Off-Balance Sheet Arrangements

      In the normal course of operations, PotashCorp engages in a variety of transactions that, under Canadian GAAP, are either not recorded on our Consolidated Statements of Financial Position or are recorded on our Consolidated Statements of Financial Position in amounts that differ from the full contract amounts. Principal

39


Table of Contents

off-balance sheet activities we undertake include issuance of guarantee contracts, certain derivative instruments and long-term fixed price contracts. We do not reasonably expect any presently known trend or uncertainty to affect our ability to continue using these arrangements. These types of arrangements are discussed below.

Guarantee Contracts

      The company enters into agreements in the normal course of business that may contain features which meet the definition of a guarantee. Various debt obligations (such as overdrafts, lines of credit with counterparties for derivatives, and back-to-back loan arrangements) related to certain subsidiaries have been directly guaranteed by the company under agreements with third parties. The company would be required to perform on these guarantees in the event of default by the guaranteed parties. No material loss is anticipated by reason of such agreements and guarantees. At September 30, 2004, the maximum potential amount of future (undiscounted) payments under significant guarantees provided to third parties approximated $113.4 million, representing the maximum risk of loss if there were a total default by the guaranteed parties, without consideration of possible recoveries under recourse provisions or from collateral held or pledged. At September 30, 2004, no subsidiary balances subject to guarantees were outstanding in connection with the company’s cash management facilities, and the company had no liabilities recorded for other obligations other than subsidiary bank borrowings of approximately $5.9 million, which are reflected in other long-term debt and cash margin requirements of approximately $33.4 million to maintain derivatives, which are included in accounts payable and accrued charges.

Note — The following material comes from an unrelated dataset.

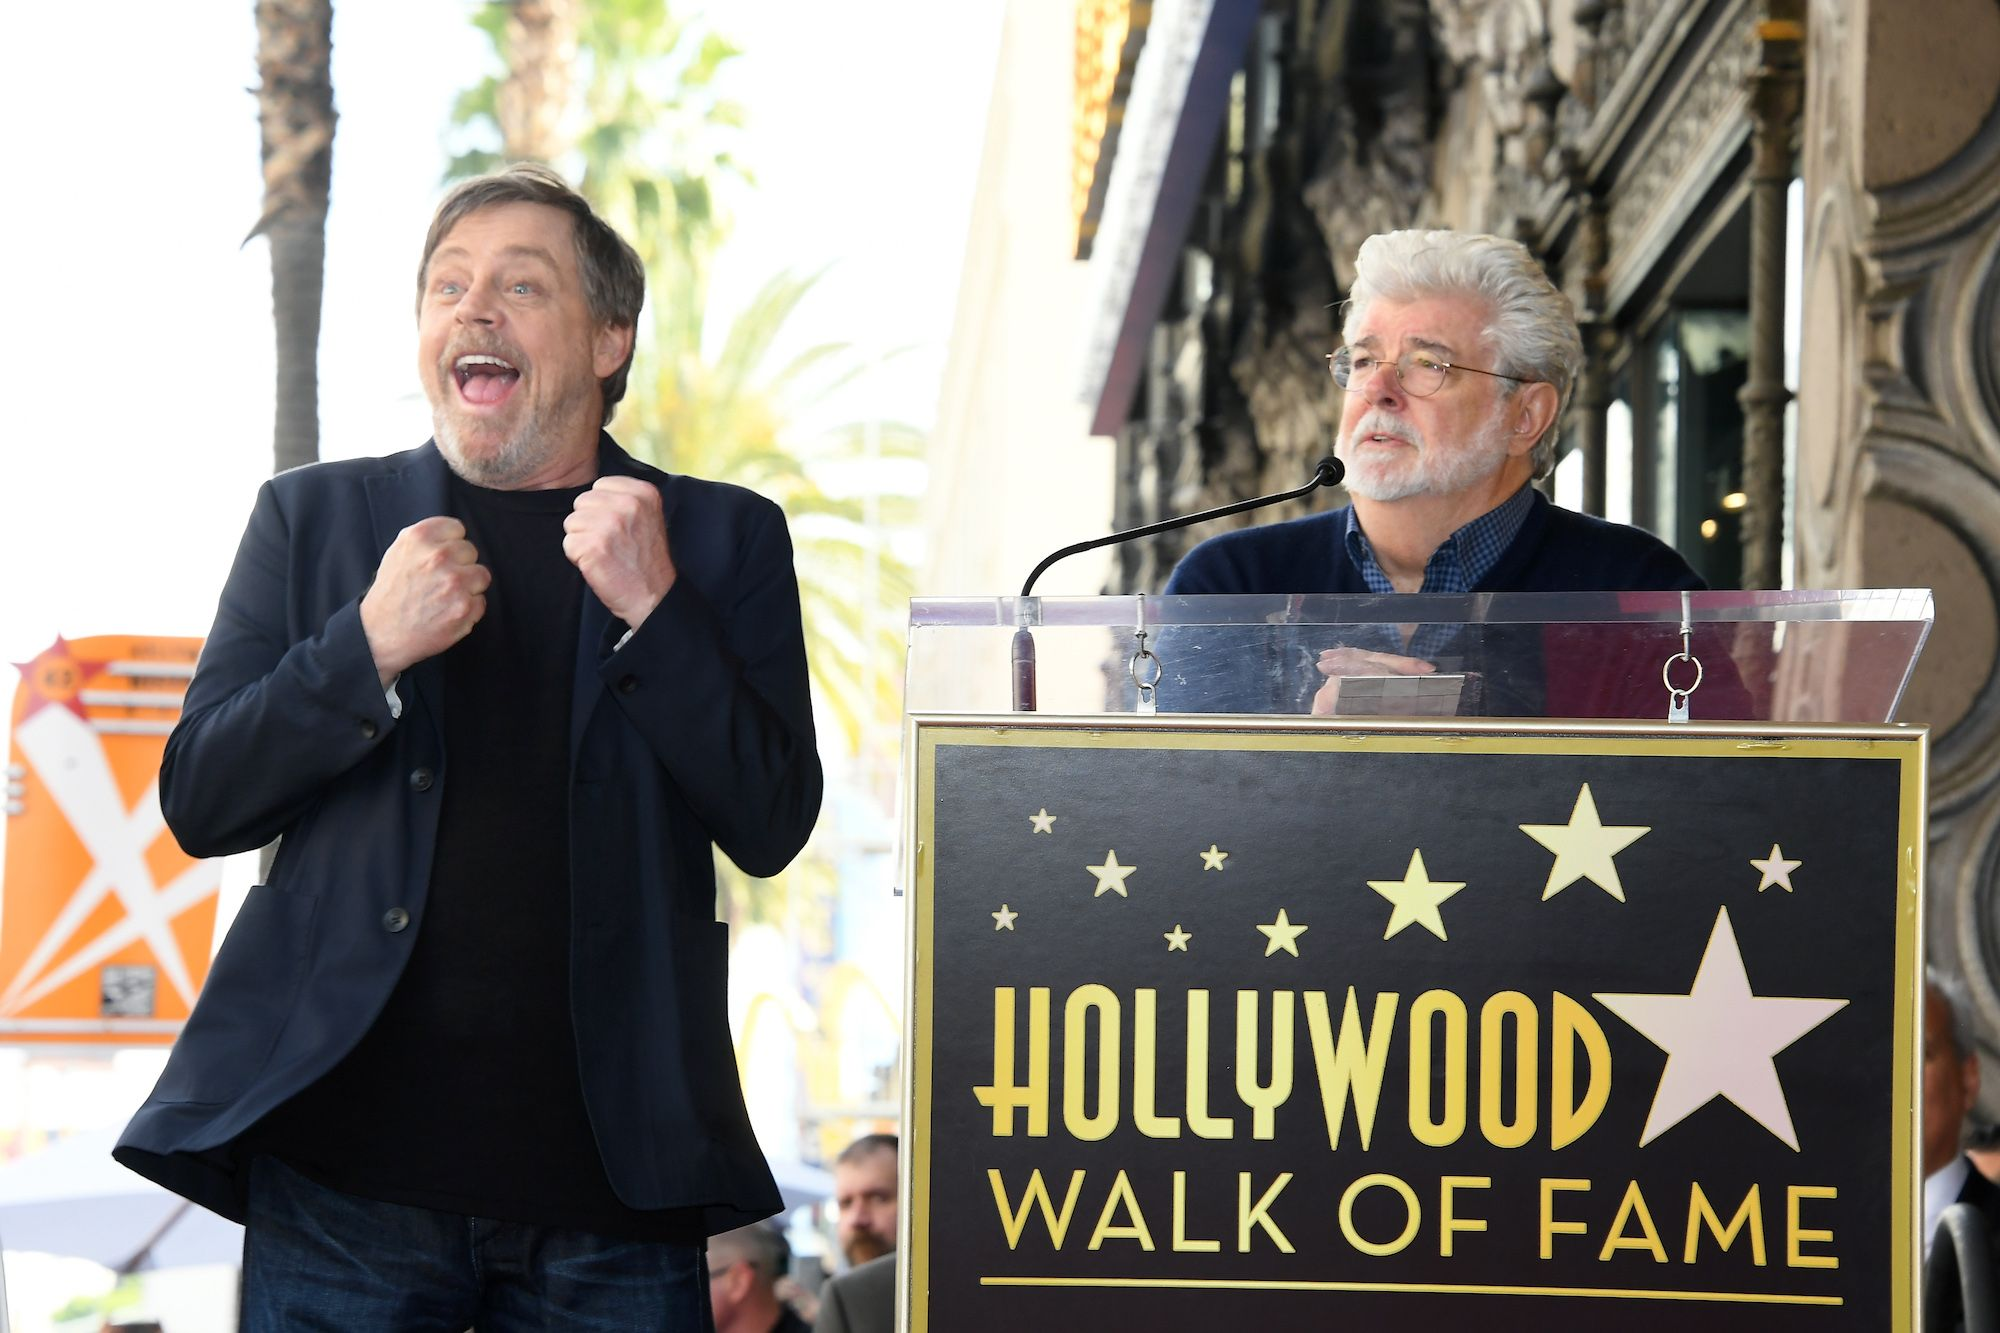 Star Wars Mark Hamill Trolea a George Lucas - Meme Leia

      During the first nine months of 2004, the company renewed its letter of credit in respect of the Province of Saskatchewan’s potash decommissioning and reclamation financial assurance requirements and entered into various other commercial letters of credit in the normal course of operations. Refer to Note 15 to the unaudited interim consolidated financial statements included in Item 1 of this Quarterly Report on Form 10-Q for a description of other guarantees relating to the company.

Derivative Instruments

      Under Canadian GAAP, the company does not record the fair value of derivatives designated (and qualifying) as effective hedges on its Consolidated Statements of Financial Position.

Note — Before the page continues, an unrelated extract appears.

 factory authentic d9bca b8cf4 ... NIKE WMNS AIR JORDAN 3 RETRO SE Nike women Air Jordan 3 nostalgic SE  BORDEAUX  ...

      The company has designated its natural gas derivative instruments as cash flow hedges. The company’s natural gas purchase strategy is based on diversification of price for its total gas requirements. The objective is to acquire a reliable supply of natural gas feedstock and fuel on a location-adjusted, cost-competitive basis in a manner that minimizes volatility without undue risk. In addition to physical spot and term purchases, the company employs futures, swaps and option agreements to manage the cost on a portion of our natural gas requirements. These instruments are intended to hedge the future cost of the committed and anticipated natural gas purchases primarily for its US nitrogen plants. By policy, except as specifically permitted by the company’s Gas Policy Advisory Committee, the maximum period for these hedges cannot exceed five years. The company uses these instruments to reduce price risk, not for speculative purposes. The fair value of the company’s gas hedging contracts at September 30, 2004 was $89.8 million. The company’s futures contracts are exchange-traded and fair value was determined based on exchange prices. Swaps and option agreements are traded in the over-the-counter market and fair value was calculated based on a price that was converted to an exchange-equivalent price.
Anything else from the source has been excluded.